◆ Source material:
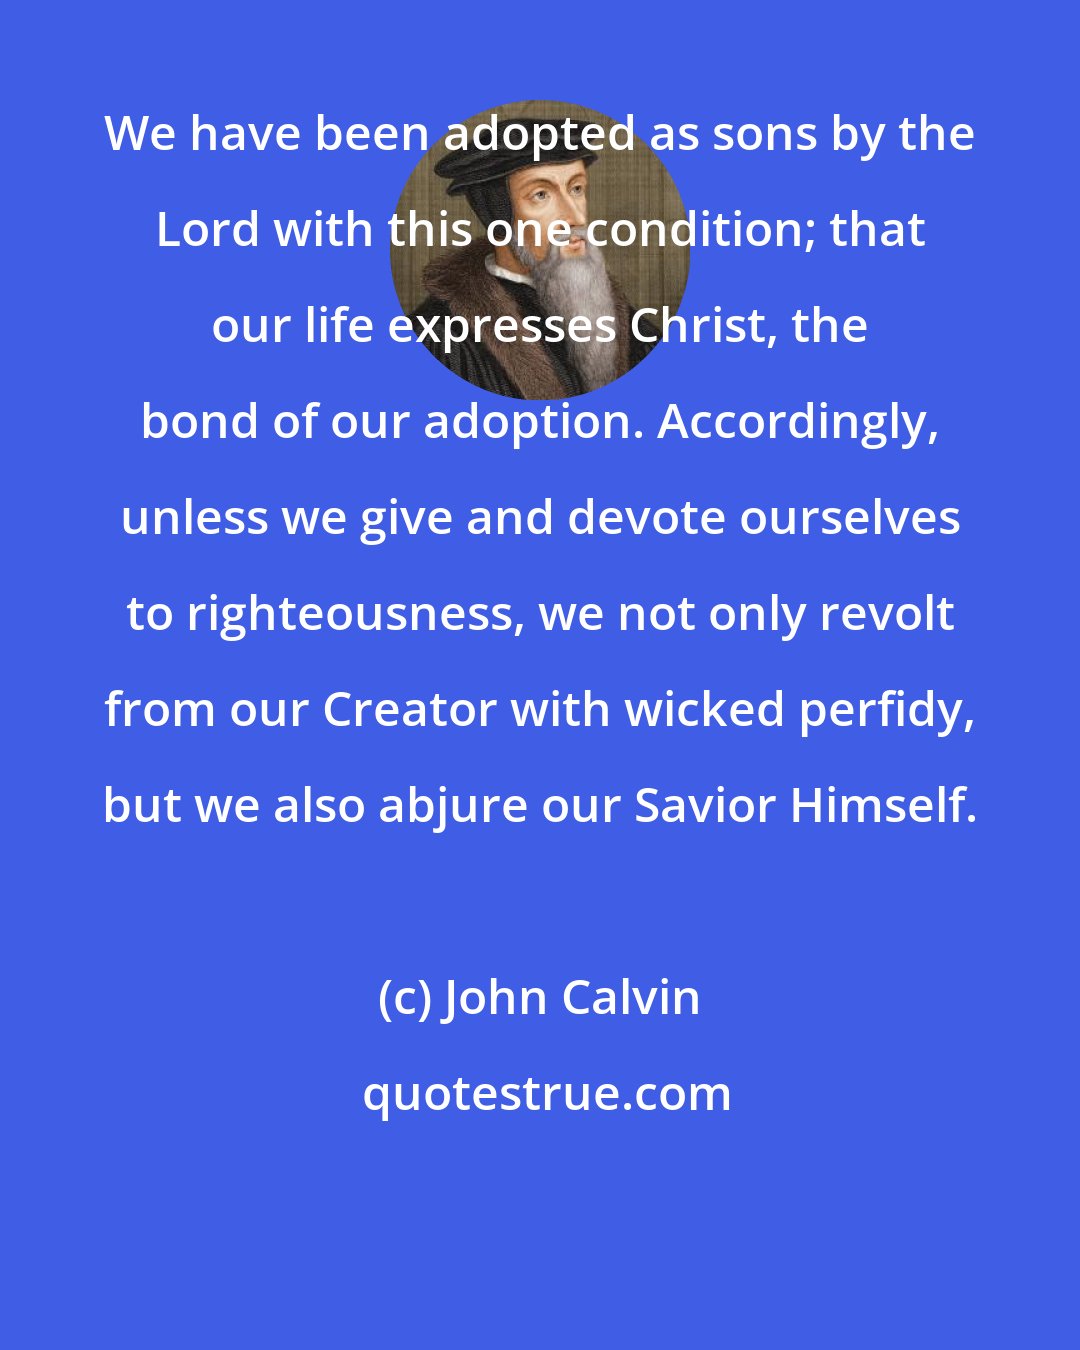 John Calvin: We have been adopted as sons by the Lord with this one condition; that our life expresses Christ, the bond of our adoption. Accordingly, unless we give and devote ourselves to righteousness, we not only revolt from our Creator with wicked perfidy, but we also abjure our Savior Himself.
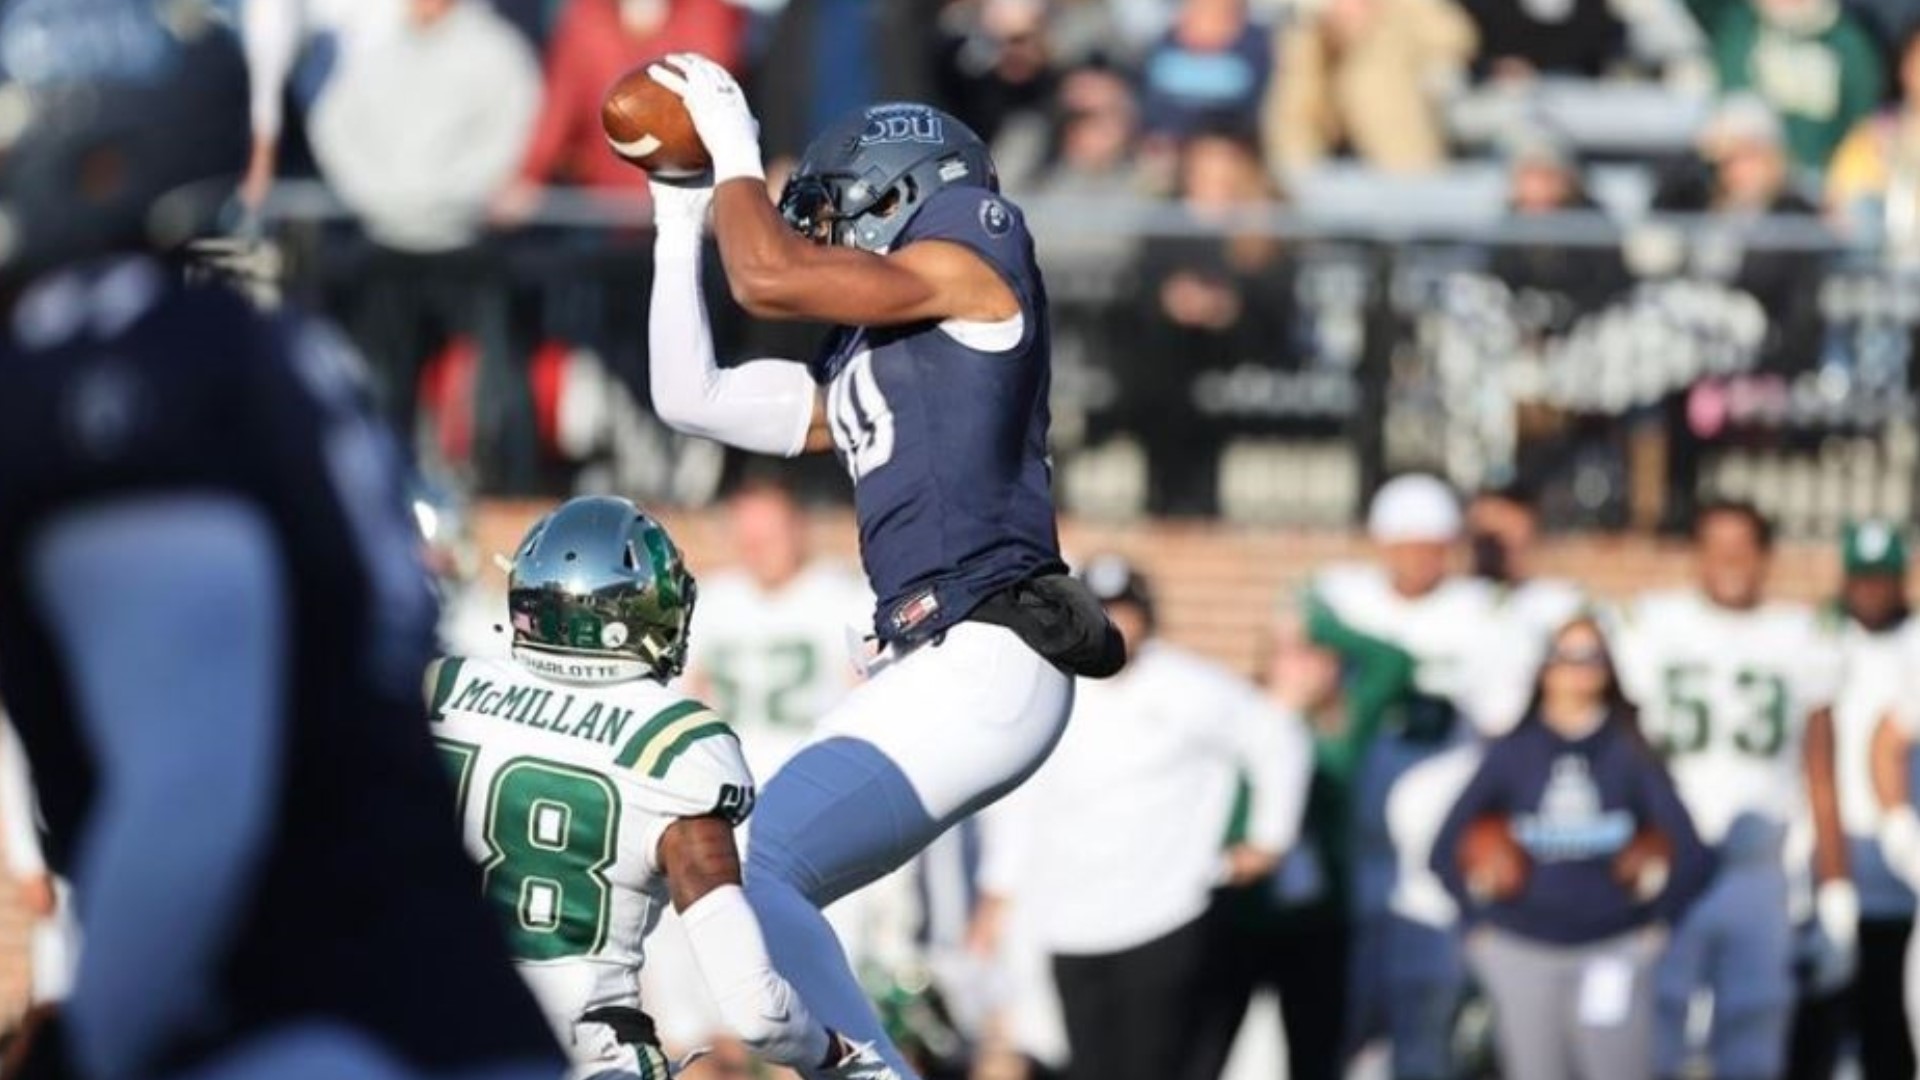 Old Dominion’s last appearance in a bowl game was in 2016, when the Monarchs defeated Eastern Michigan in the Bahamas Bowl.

--

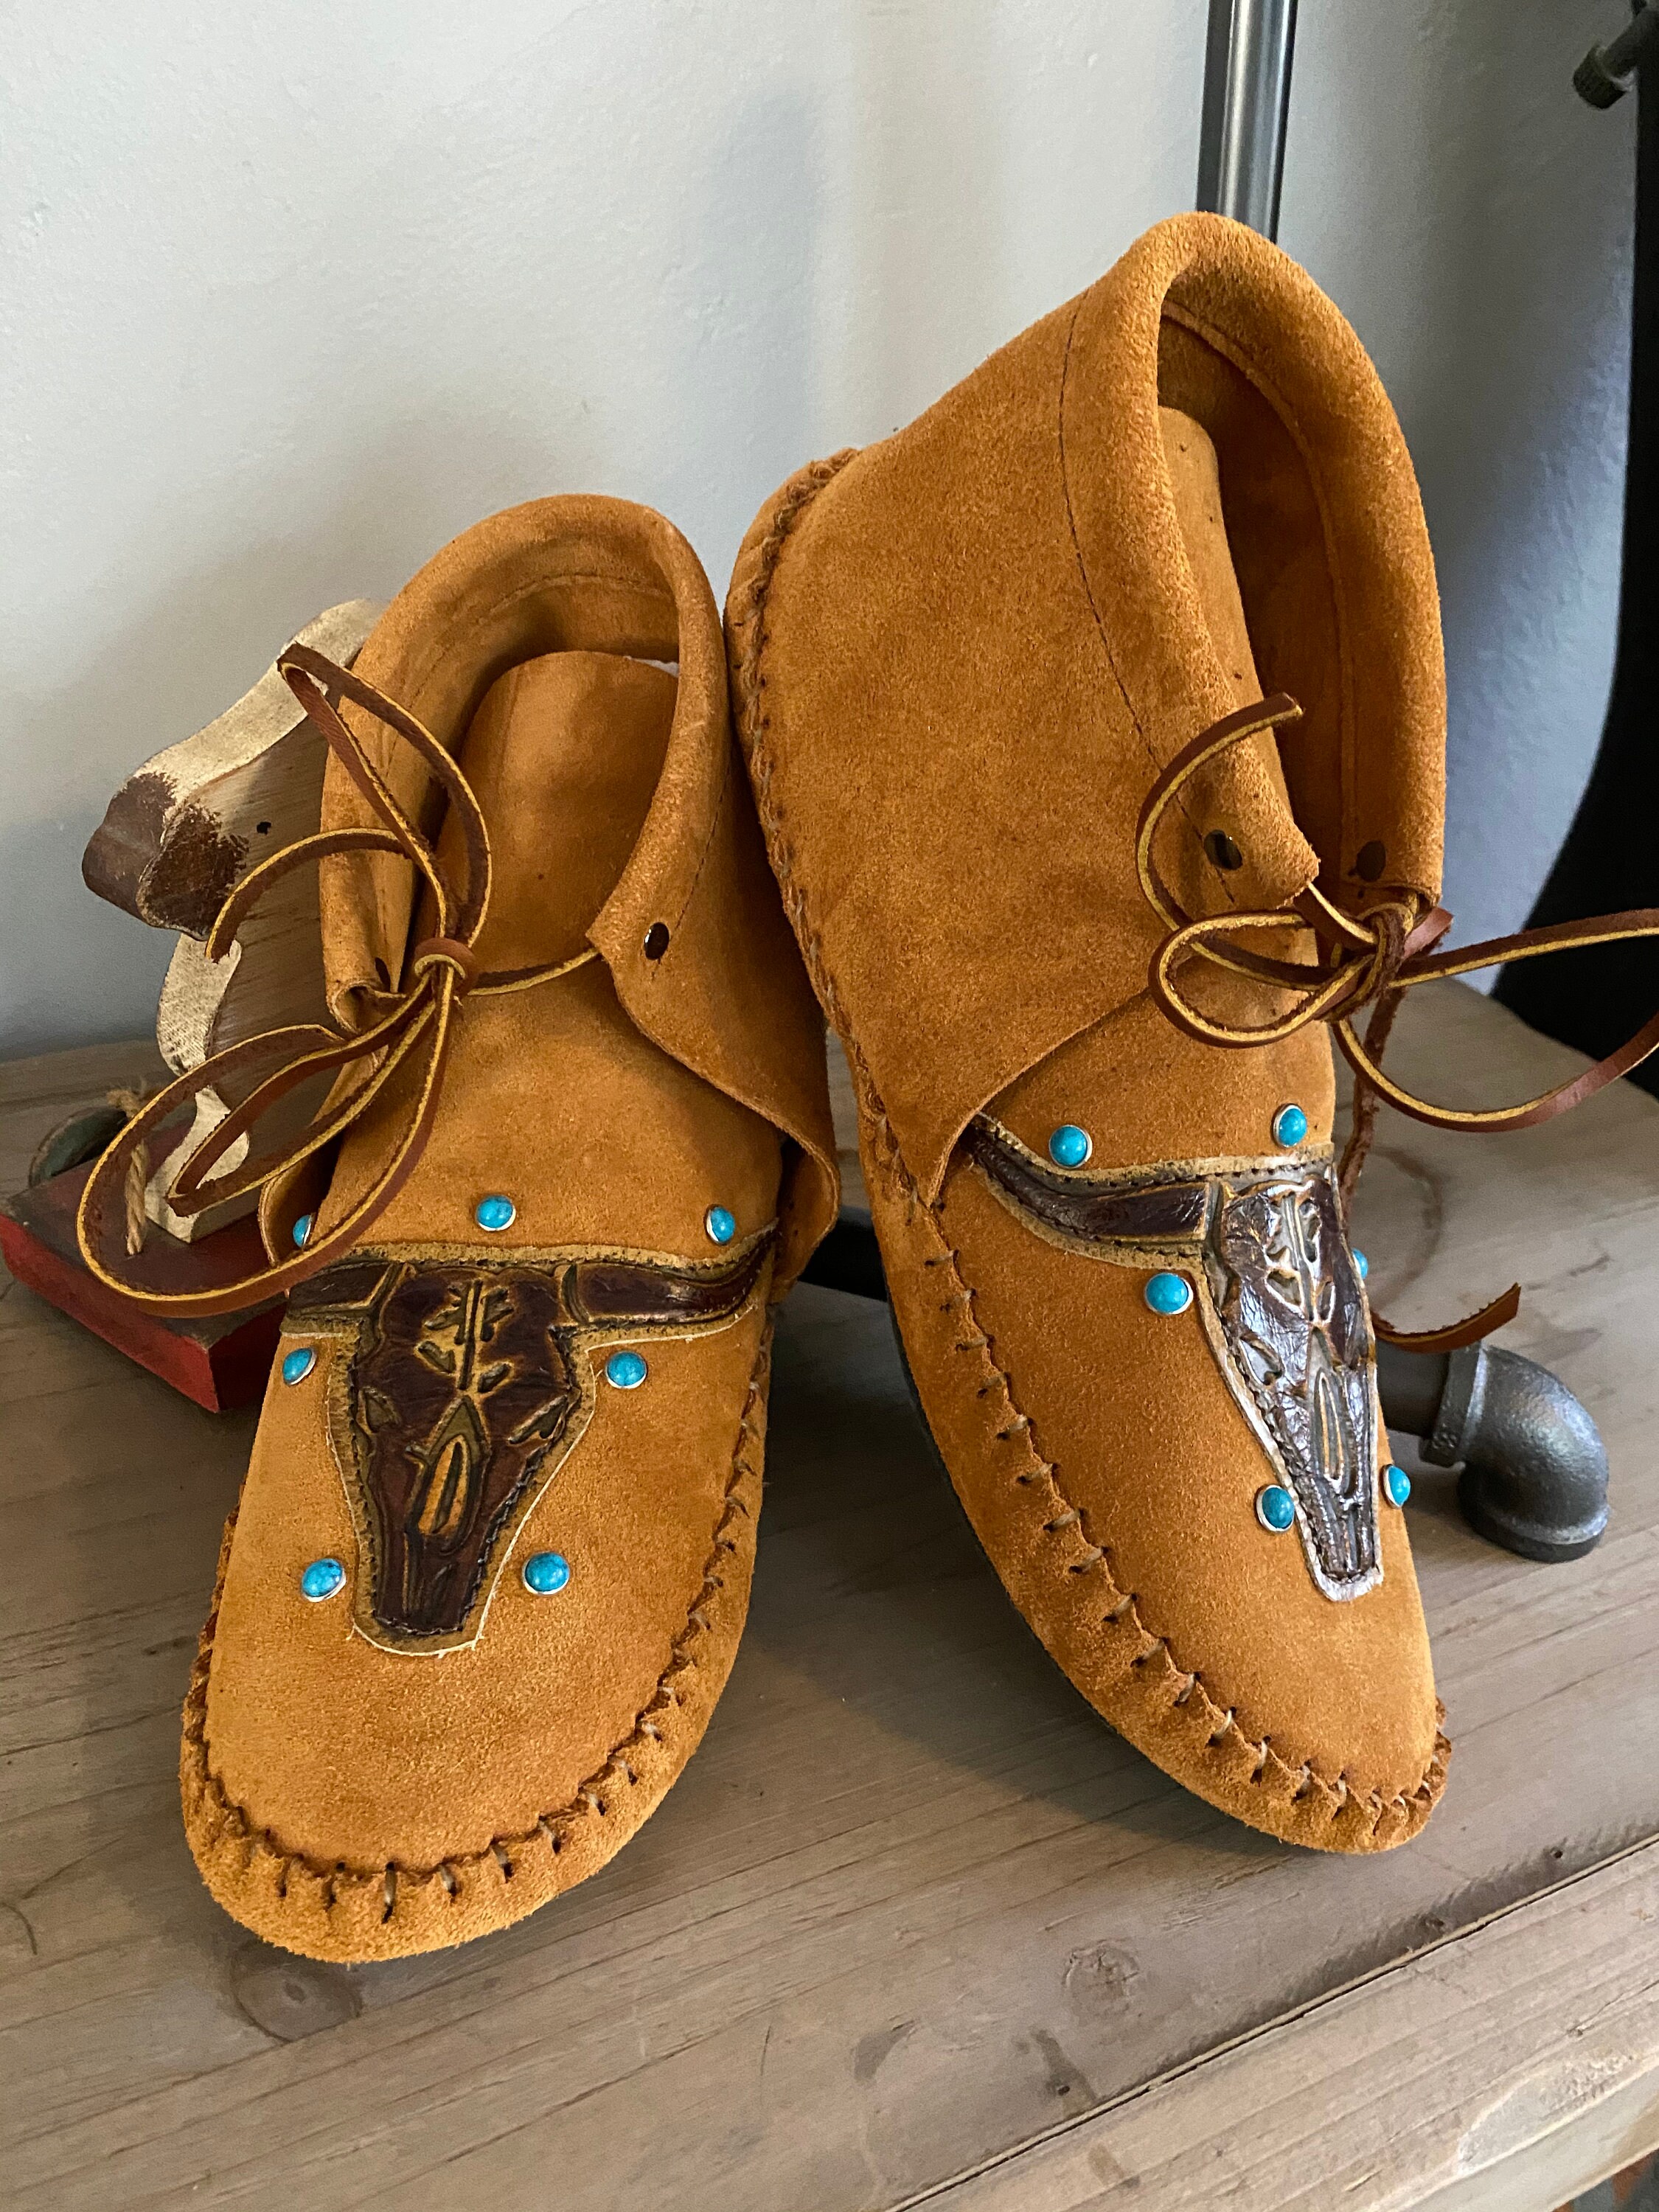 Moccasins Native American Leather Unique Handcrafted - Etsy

◆ Exercise description: Look above for the line with "John Calvin: We" and the line with "Old Dominion’s last". Copy them and every line between, exactly, but no pictures.

◆ Solution to this problem:
 John Calvin: We have been adopted as sons by the Lord with this one condition; that our life expresses Christ, the bond of our adoption. Accordingly, unless we give and devote ourselves to righteousness, we not only revolt from our Creator with wicked perfidy, but we also abjure our Savior Himself.
 Old Dominion’s last appearance in a bowl game was in 2016, when the Monarchs defeated Eastern Michigan in the Bahamas Bowl.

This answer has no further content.